Tuesday, April 04, 2017

SFFILM ’17: Ma’ Rosa

“Sari-sari” means variety in Tagalog and Rosa’s Sari-Sari store lives up to its name. In addition to candy and cigarettes, she and her husband deal crystal meth (literally out of a cigar box). Unfortunately, Rosa’s Sari-sari is a little too well known in the neighborhood. Inevitably, Rosa and Nestor Reyes will be busted by Metro Manila’s “finest,” but these cops are not interested in collars. They are looking for a six-figure bail/ransom payment in Brillante Ma Mendoza’s Ma’ Rosa (trailer here), which screens during the 2017 San Francisco International Film Festival.

Rosa Reyes is a wife, a mother, a struggling member of the proletariat, and a small-time drug dealer. Her husband Nestor is her chief accomplice, but he is more of a consumer than a seller. Wisely, they kept the dealing at arm’s length from their children, but Raquel, Jackson, and Erwin still know exactly what is going on. The police do too, but they just what to shake the couple down for money.

Since the Reyeses cannot afford the 200K “bail,” they have no option but to give up their supplier. Unfortunately, they remain on the hook for 100,000 Pesos, which their twenty-something children will have to raise quickly, by hook or by crook.

Like many of Mendoza’s films, Ma’ Rosa will leave viewers feeling waterlogged. It gives you a vivid, tactile sense of life in the rough & tumble Mandaluyong neighborhood, where it seems to monsoon several times a day. In addition to the sweltering naturalism, Ma’ Rosa offers an intimate critique of the Filipino criminal justice system, making it directly comparable in theme and tone to Mendoza’s Lola (a.k.a. Grandmother).

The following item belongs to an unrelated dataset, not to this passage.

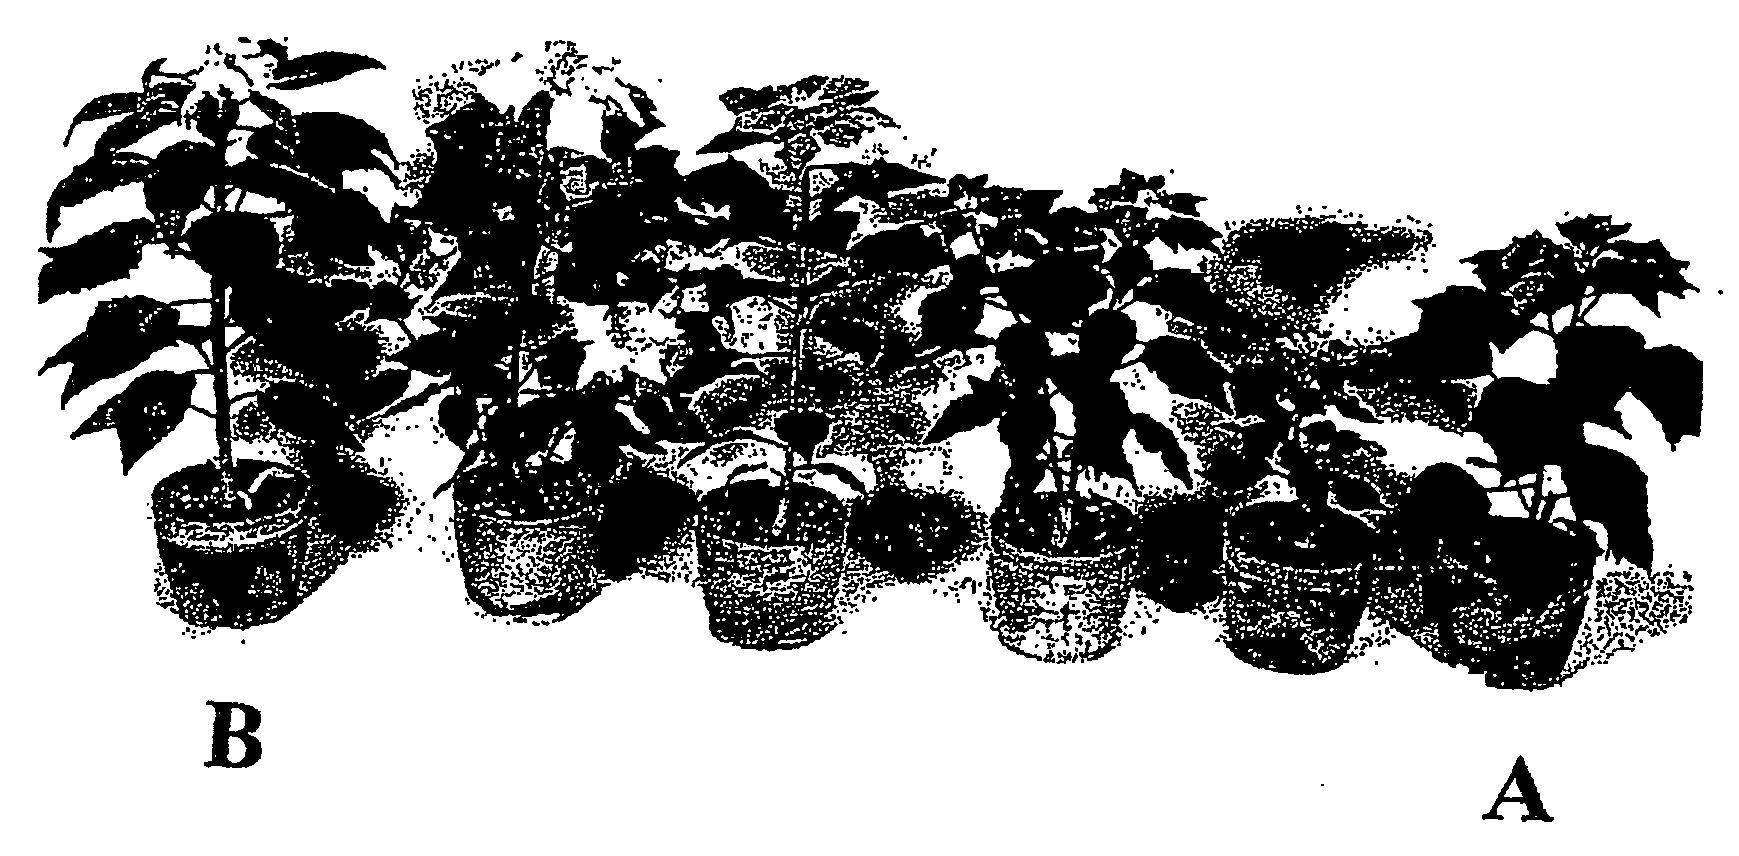 Method of producing euphorbia interspecific hybrid plants by cutting and then culturing the hybrid embryos

Jaclyn Jose is wonderfully, horribly ferocious as Rosa Reyes, whose survival imperative borders on the sociopathic, yet she still has her mothering instincts. Julio Diaz is just as chilling, but in an equal-opposite-reciprocal fashion as Nestor Diaz, the passive, soul-dead meth addict. Filipino “It Girl” actress-model Andi Eigenmann (Jose’s real life daughter) is almost unrecognizably glammed-down as the grimly dutiful Raquel (under ordinary circumstances, everyone with refined cinematic taste should be able to place her from the killer appliance movie, Fridge). As her brothers Erwin and Jackson, Jomari Angeles and Felix Roco slow burn to the point of explosion, just as Mendoza and screenwriter Troy Espiritu clearly suggest is liable to happen in the distressed Metro Manila district, as long as the cops keep running gangster-like extortion rackets.

You can label Ma’ Rosa poverty porn, but it has a tight, tense narrative, with stakes that start out high and keep rising, like a more predatory version of the Dardenne Brothers’ Two Days One Night. This is a grungy cautionary crime drama, depicting a situation nearly any Mandaluyong resident could be ensnared in. Highly recommended for those who appreciate socially-informed class-conscience drama, Ma’ Rosa screens this Saturday (4/8) and Sunday the 16th, as part of this year’s San Francisco International Film Festival.